The Planning Fallacy
Posted by Rick Ellis on March 23, 2008
A universal phenomenon among humans is that we are terrible at estimating how long a project will take to complete. Cognitive psychologists call this “The Planning Fallacy”, and the more complex or numerous the steps involved, the more likely that we will be wildly wrong.
The problem has to do with the way we visualize projects, focusing only on the successful steps needed to complete the task. We visualize optimistically, rarely taking into account all of the things that can, and will, cause each step of the process to slow down.
Studies have found that people almost always underestimate, even when researchers ask them for a worse-case scenario. In fact, the accuracy tends to be about the same whether we plan with great detail, or just estimate a date off the top of our head.
For those of us in creative fields, like writing software or designing websites, estimating how long a project will take is even more difficult because there is an exploratory nature to these tasks. We’re not building widgets on an assembly line, we’re working through a series of challenges.

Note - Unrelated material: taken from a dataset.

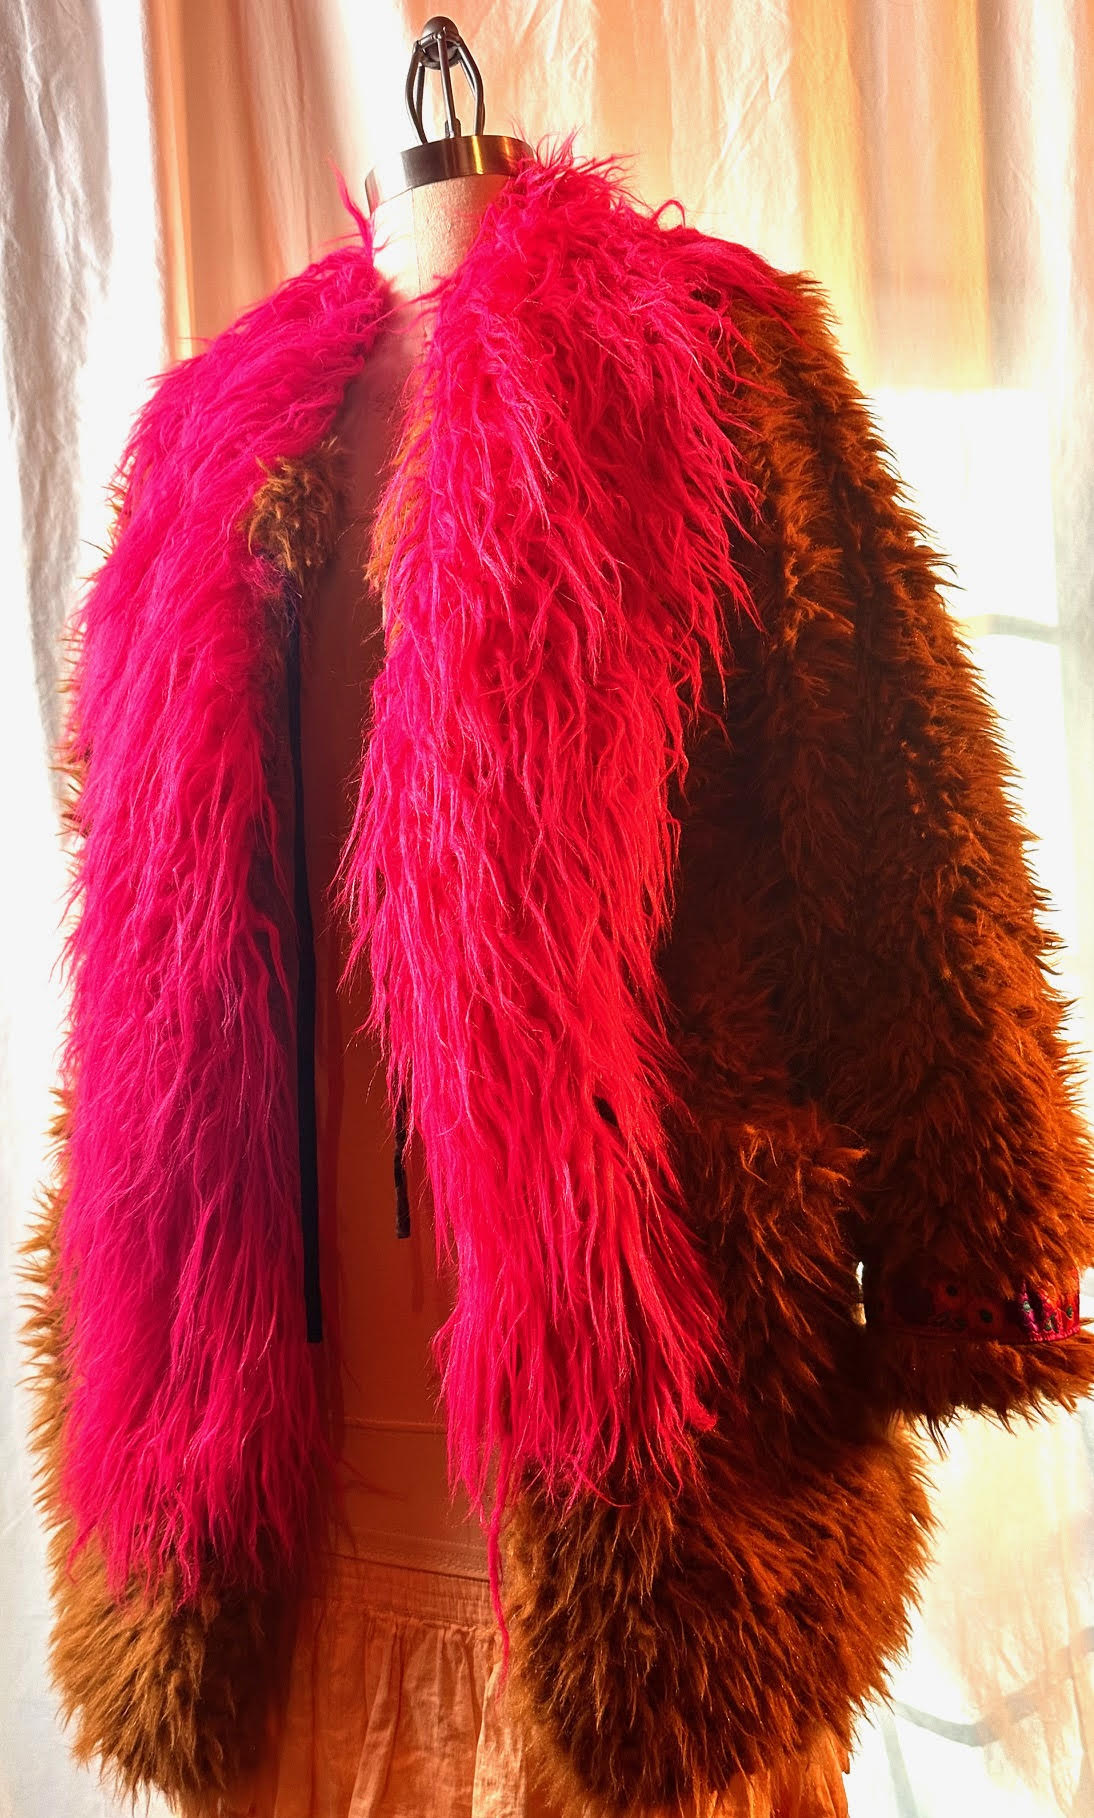 Warm Fuzzy Tan-Colored Coat

Sure, we might know what we want to accomplish, we might even have a pretty good idea of how we intend to accomplish it, but along the way there are endless smaller challenges to solve, each overlapping in different ways, and bringing new problems, ideas, and opportunities. It’s simply impossible to envision how a project will evolve until we’re in the thick of it.
Some people have suggested rules for estimating projects, like coming up with a timeframe, then doubling it. That’s not a bad idea (especially with budgets), although it further reinforces just how terrible we are at estimating, and just how wrong we will be no matter what we say.
Why do I mention all this? To explain why we at EllisLab never publish a software release date until we are nearly finished with the project. In my experience, any date that is more then 30 days out will always be wrong.
That’s also why we don’t publish a road map that describes where we’re going with our applications. There is such a fluid and dynamic nature to technology that anything we plan for today will probably be irrelevant a year from now. We just do not have enough information today to plan correctly for tomorrow. Our development cycles, and the internet at large, are moving too fast.
I wish there were a methodology that could be used to meet goal dates with precision, but thus far, I’ve never found one. Until that day, we’ll have to stick to our policy of not disclosing released dates until we’re nearly finished with the project.